ADR-087 (prospective) — Pass-4 mesh-exchange scope clarification

ADR-084 §"Decision" lists "mesh-exchange compression" between sensor nodes when reporting cross-cluster events as the fourth of its five sites. The binding intent of that text is cluster-Pi to cluster-Pi exchange — i.e., the ADR-066 swarm-bridge channel between peer Cognitum Seeds — not sensor-MCU to cluster-Pi UDP traffic. The two are different problems: cluster-to-cluster is std Rust on Linux/Mac and reuses BinaryQuantized directly; sensor-to-Pi is what ADR-086 addresses. If the team later reinterprets Pass 4 as sensor→cluster-Pi UDP compression, that would be ADR-086's twin and should land as ADR-087 with its own firmware release, distinct from ADR-086's release. The clarification is one paragraph because the only decision is "which interpretation does ADR-084's Pass 4 mean", and the answer is currently the cluster-to-cluster reading. ADR-087 only opens if that reading is contested.

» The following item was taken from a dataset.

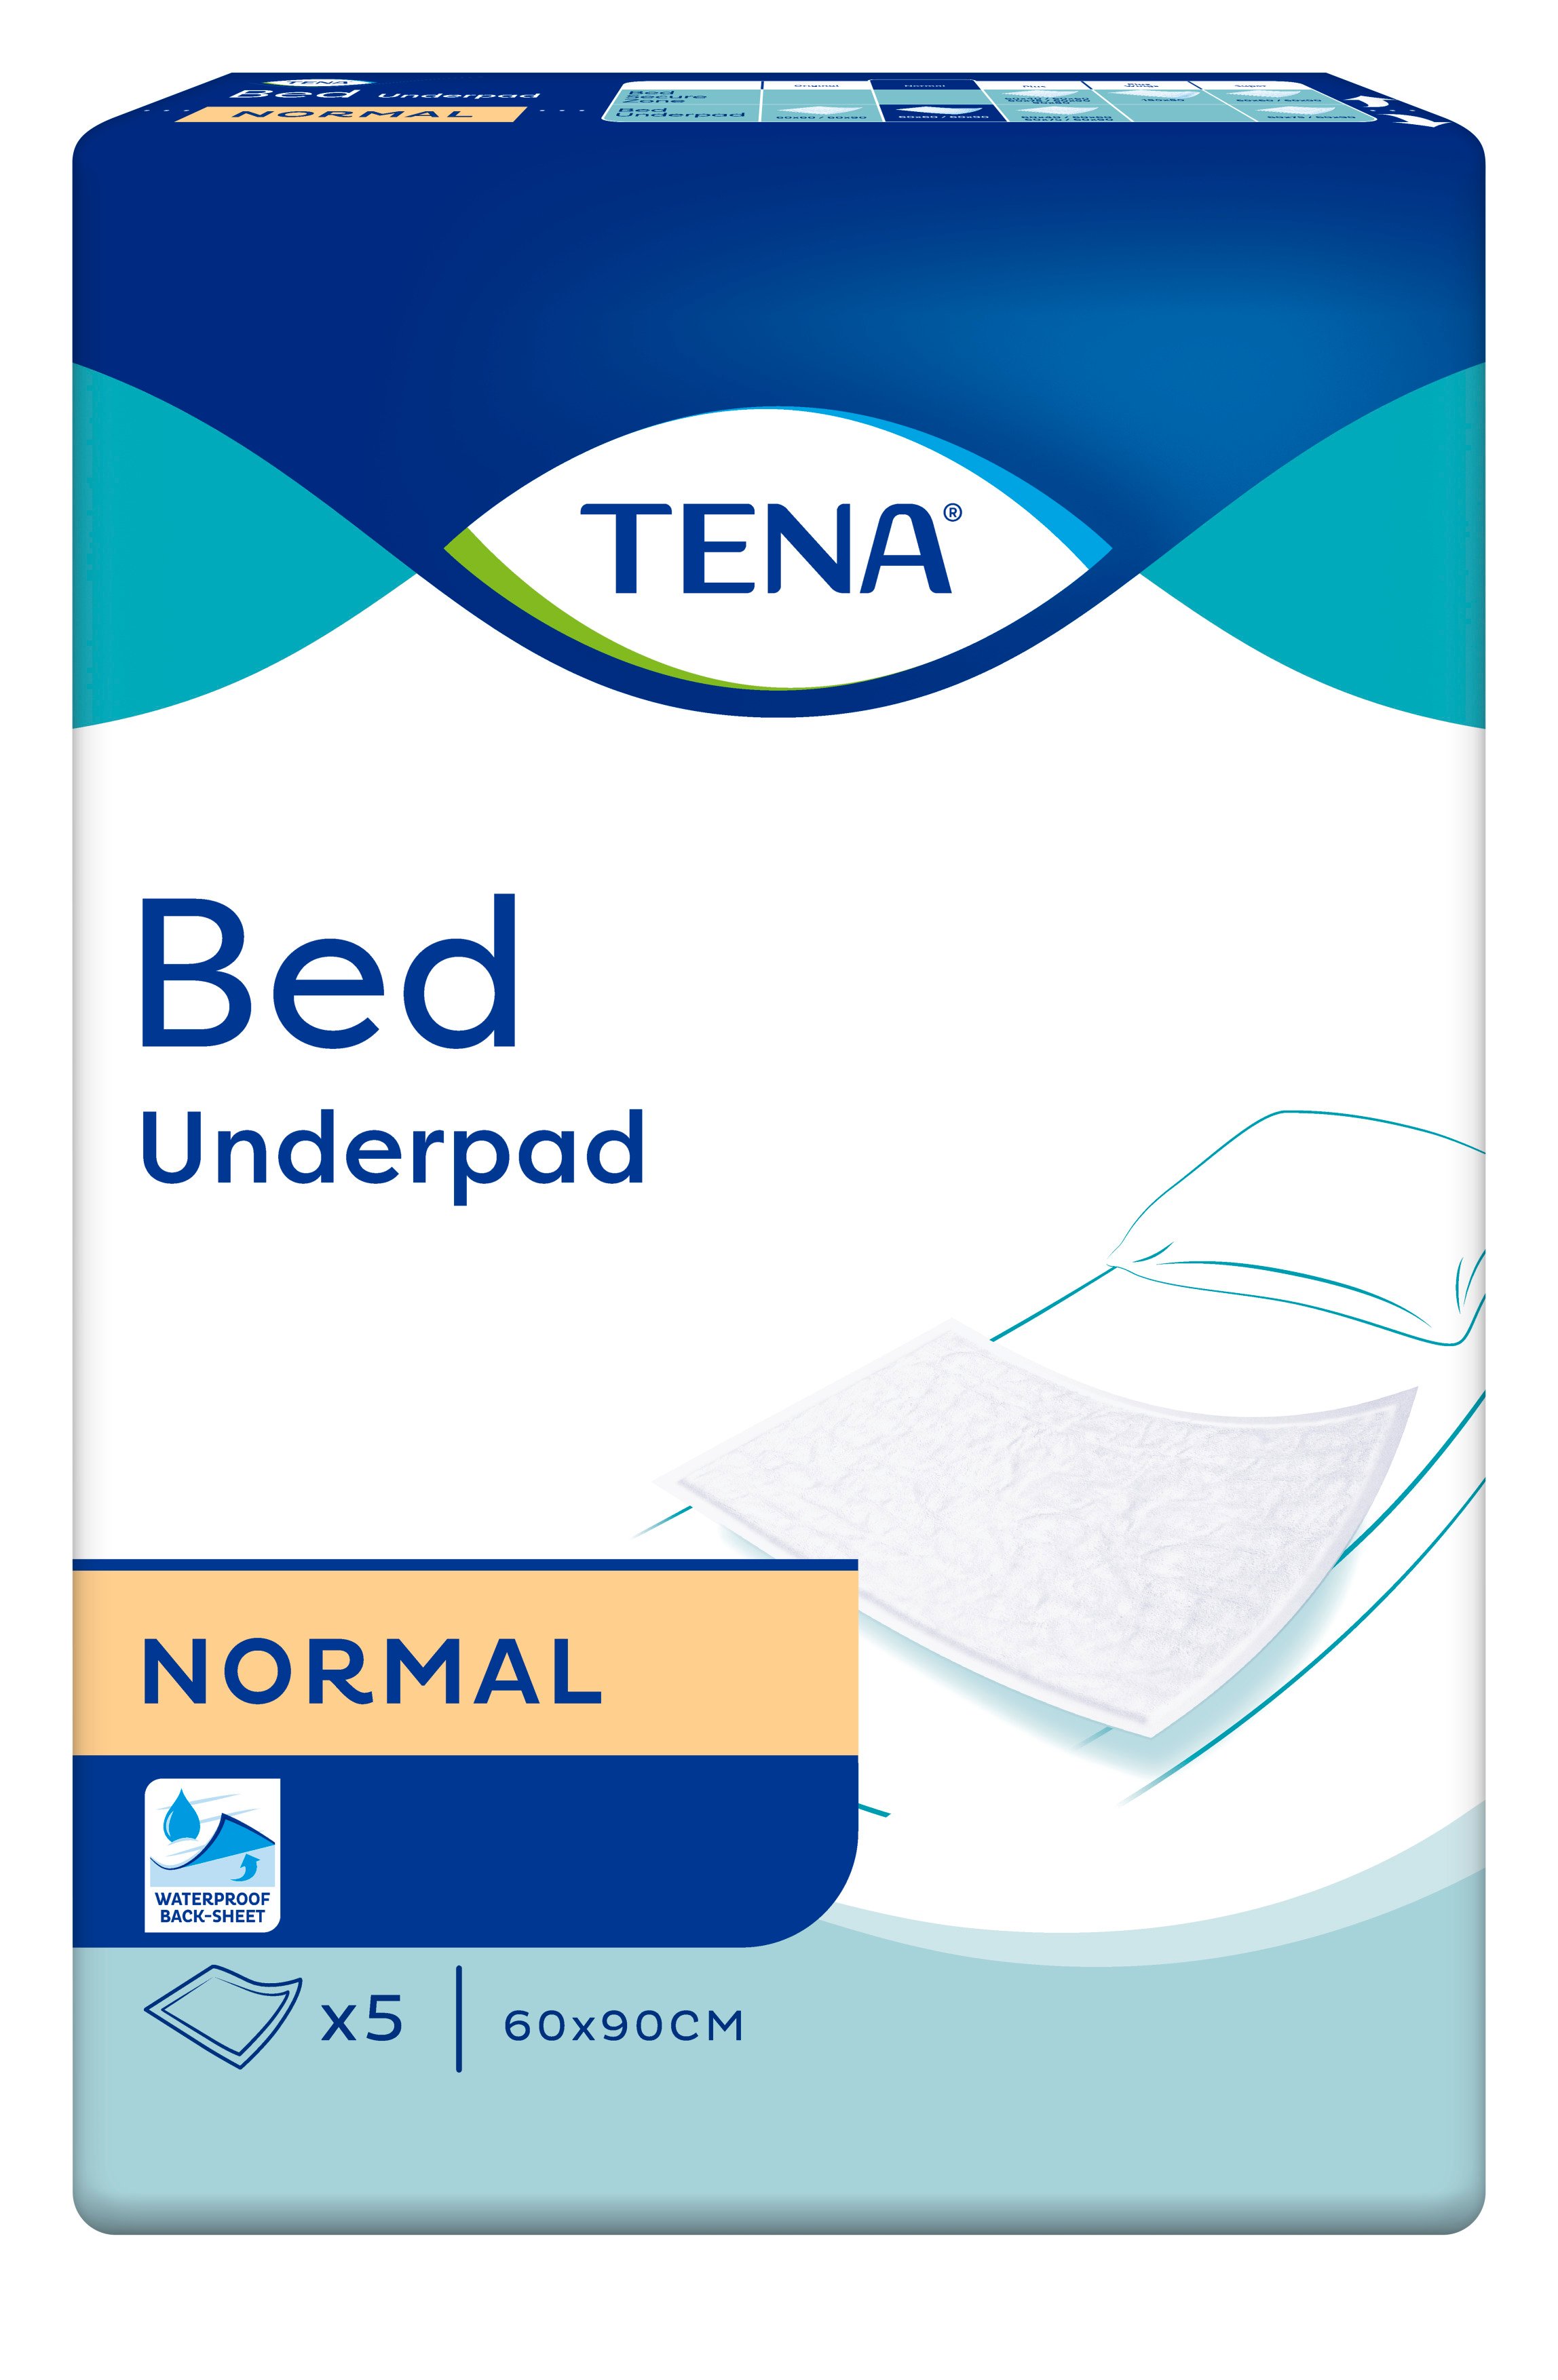 Одноразовые пеленки Tena Bed Normal, 90x60 см, 5 шт. - фото 2

ADR-088 (prospective) — Firmware-release coordination policy

Issues #386 and #396 (firmware-only fixes — the MGMT-only promiscuous filter and the 50 Hz callback-rate gate) demonstrate that the firmware can need a release independent of any cluster-Pi ADR work. ADR-086 is itself an example: it requires a firmware release that is not driven by ADR-084 or ADR-085, both of which are cluster-Pi-only. Today the implicit policy is "firmware releases when something firmware-only ships." That works but is undocumented. ADR-088 would formalize when a firmware release is required vs deferred, with concrete examples: a Kconfig flag flip (#386 / #396) must release; a Pi-side parser-only addition (ADR-085 Sites 1–7) must not; a wire-format magic bump (ADR-086) must release and must re-cut the witness bundle; a feature-flag-default flip on a shipped v7 firmware should release a config bundle but not a firmware binary. ADR-088 opens when the next firmware-only change after ADR-086 lands and forces the decision; it is recorded here as a slot rather than written speculatively because the actual release- gating questions only become concrete in the presence of a real shipping change.